Inspector of Yan Province (兗州刺史)
- In office ? – 192
- Monarch: Emperor Xian of Han

Personal details
- Born: Unknown Muping District, Yantai, Shandong
- Died: 192
- Relations: Liu Chong (courtesy name Zurong (祖荣); uncle); Liu Yao (younger brother); Liu Ji (nephew);
- Parent: Liu Yu (劉舆) /Liu Fang (劉方) (father);
- Occupation: Politician
- Courtesy name: Gongshan (公山)

= Liu Dai =

Chinese politician and warlord (died 192)

Liu Dai (Note: not to be confused with Cao Cao's general who had the same name and courtesy name, but was from Pei (沛国). His only mention in historical sources was in 199, where he and Wang Zhong (王忠) were sent by Cao Cao to attack Liu Bei, who had by then occupied Xuzhou; the pair were unsuccessful. Weiwu Gushi recorded that he was made a marquis.) (died 192), courtesy name Gongshan, was a Chinese politician who lived during the late Eastern Han dynasty of China.

==Life==
Liu Dai was from Mouping County (牟平縣), Donglai Commandery (東萊郡), which is in present-day Muping District, Yantai, Shandong. He served as Palace Attendant and the Inspector of Yan Province (兗州刺史) under the Han dynasty. Liu Dai's uncle, Liu Chong (劉寵), (Note: not the same person as Prince Min of Chen. Liu Zurong has a biography in vol.76 of Houhanshu.) served as the Grand Commandant (太尉) in the Han imperial court in 169.
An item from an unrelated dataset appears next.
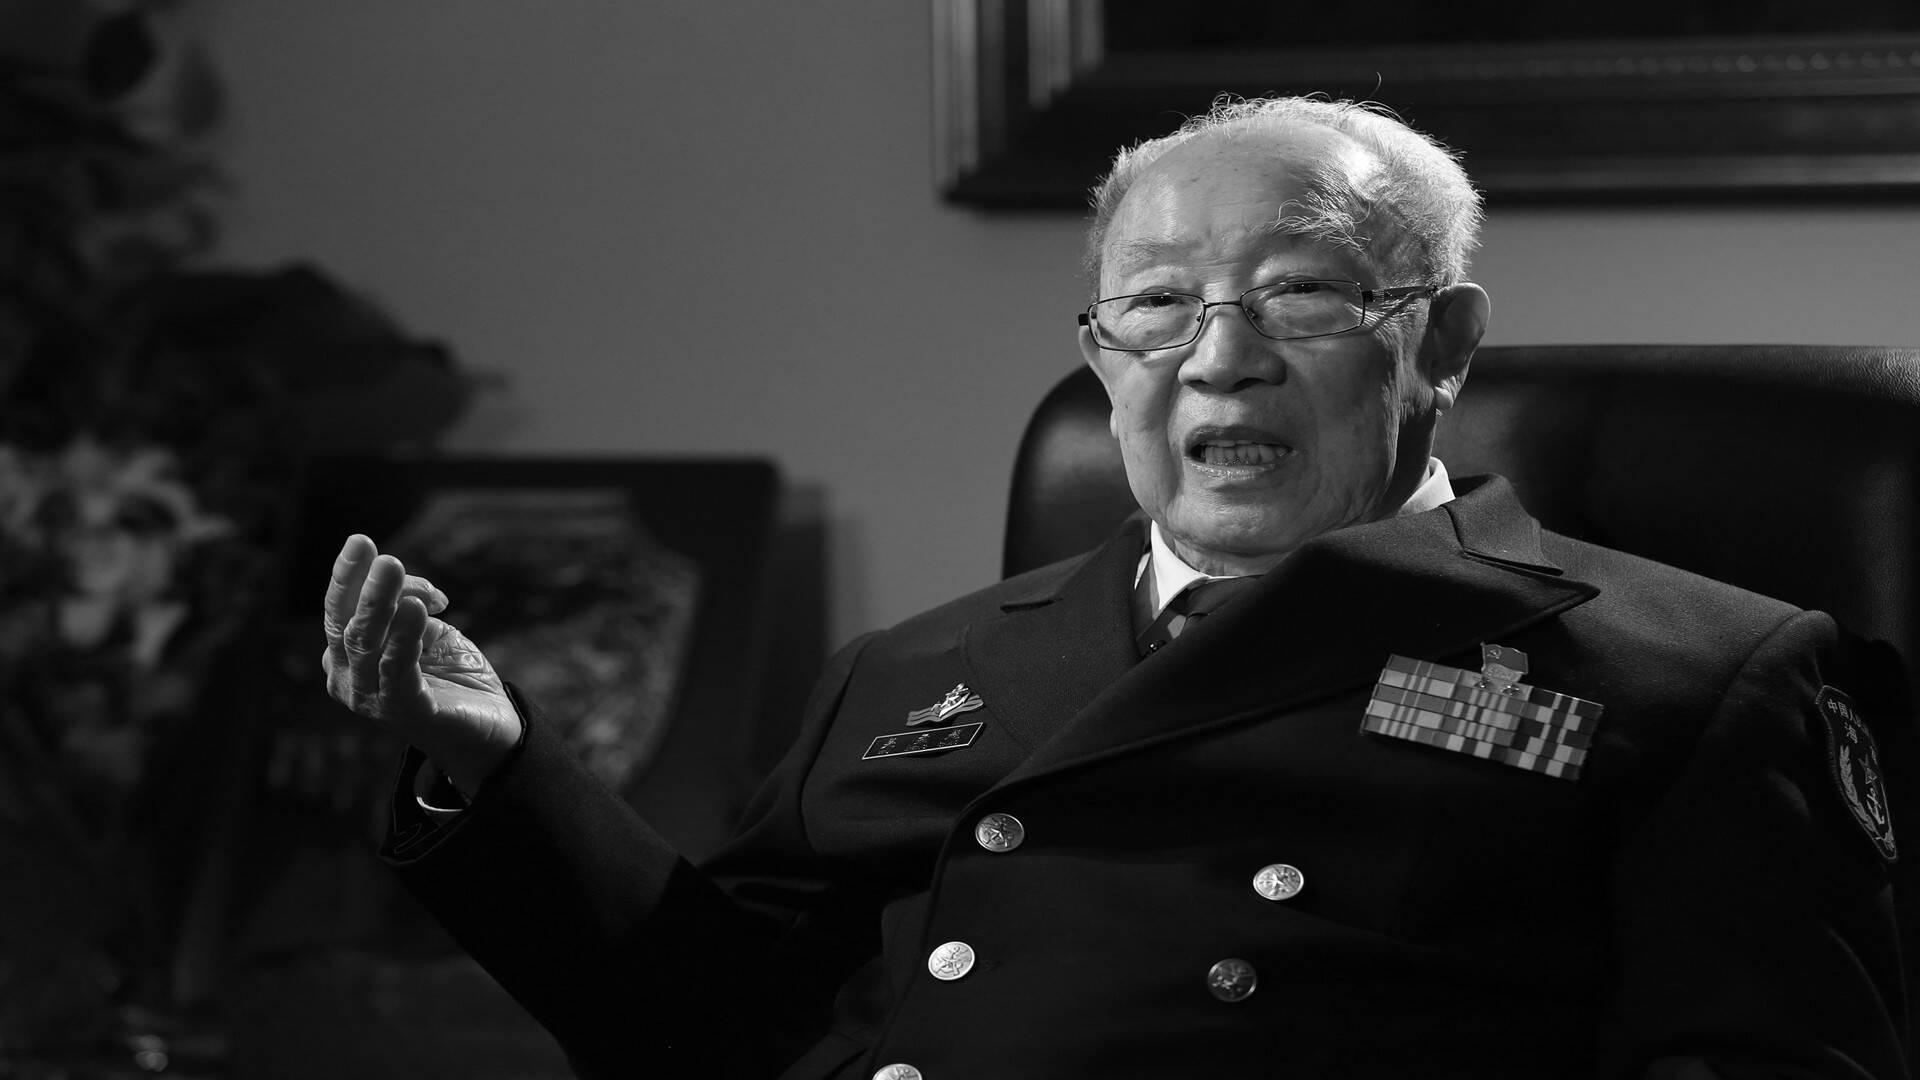 吴孟超院士曾接受山东台专访:救治病人就不要怕担风险

In the spring of 190, Liu Dai joined the coalition of warlords led by Yuan Shao to oppose Dong Zhuo, a tyrannical warlord who controlled the central government and held Emperor Xian hostage. Later Liu Dai had disagreements with Qiao Mao, the Administrator of Dong Commandery, so he killed Qiao Mao and replaced him with Wang Gong (王肱).

Liu Dai then arranged for marriages between his family and the clans of Yuan Shao and Gongsun Zan. Yuan Shao allowed his family members to stay with Liu Dai, while Gongsun Zan sent his follower Fan Fang (范方) to lead troops to support Liu Dai. When Yuan Shao later developed a rivalry with Gongsun Zan, the latter broke off relations with Liu Dai as well. Gongsun Zan said to Fan Fang, "If Liu Dai does not drive away Yuan Shao's family members, you will lead your men back to our territory. I'll attack Liu Dai after I've eliminated Yuan Shao." Liu Dai was at a loss over how to handle the crisis when his adviser Wang Yu (王彧) told him to consult Cheng Yu, and Liu Dai heeded his suggestion. Cheng Yu urged Liu Dai to stand on Yuan Shao's side and Liu followed the advice. Gongsun Zan was defeated and conquered by Yuan Shao eventually.

In 192, thousands of former Yellow Turban rebels from Qing Province swarmed into Yan Province and gathered in Dongping County. Liu Dai wanted to attack the rebels but Bao Xin advised him against it. Liu Dai ignored Bao Xin and proceeded to attack the Yellow Turbans, and was defeated and killed in battle.

==In Romance of the Three Kingdoms==
In the 14th-century historical novel Romance of the Three Kingdoms, when Yan Province was conquered by the warlord Cao Cao, Liu Dai had no choice but to surrender. After losing his domain, he attacked Liu Bei, but was defeated and robbed of his position. Liu Dai followed his adviser Bao Xin's suggestion to join Cao Cao and had since been engaged in suppressing the Yellow Turban remnants. As his achievements increased, Liu Dai became more overconfident and he refused to listen to Bao Xin, which resulted in their deaths.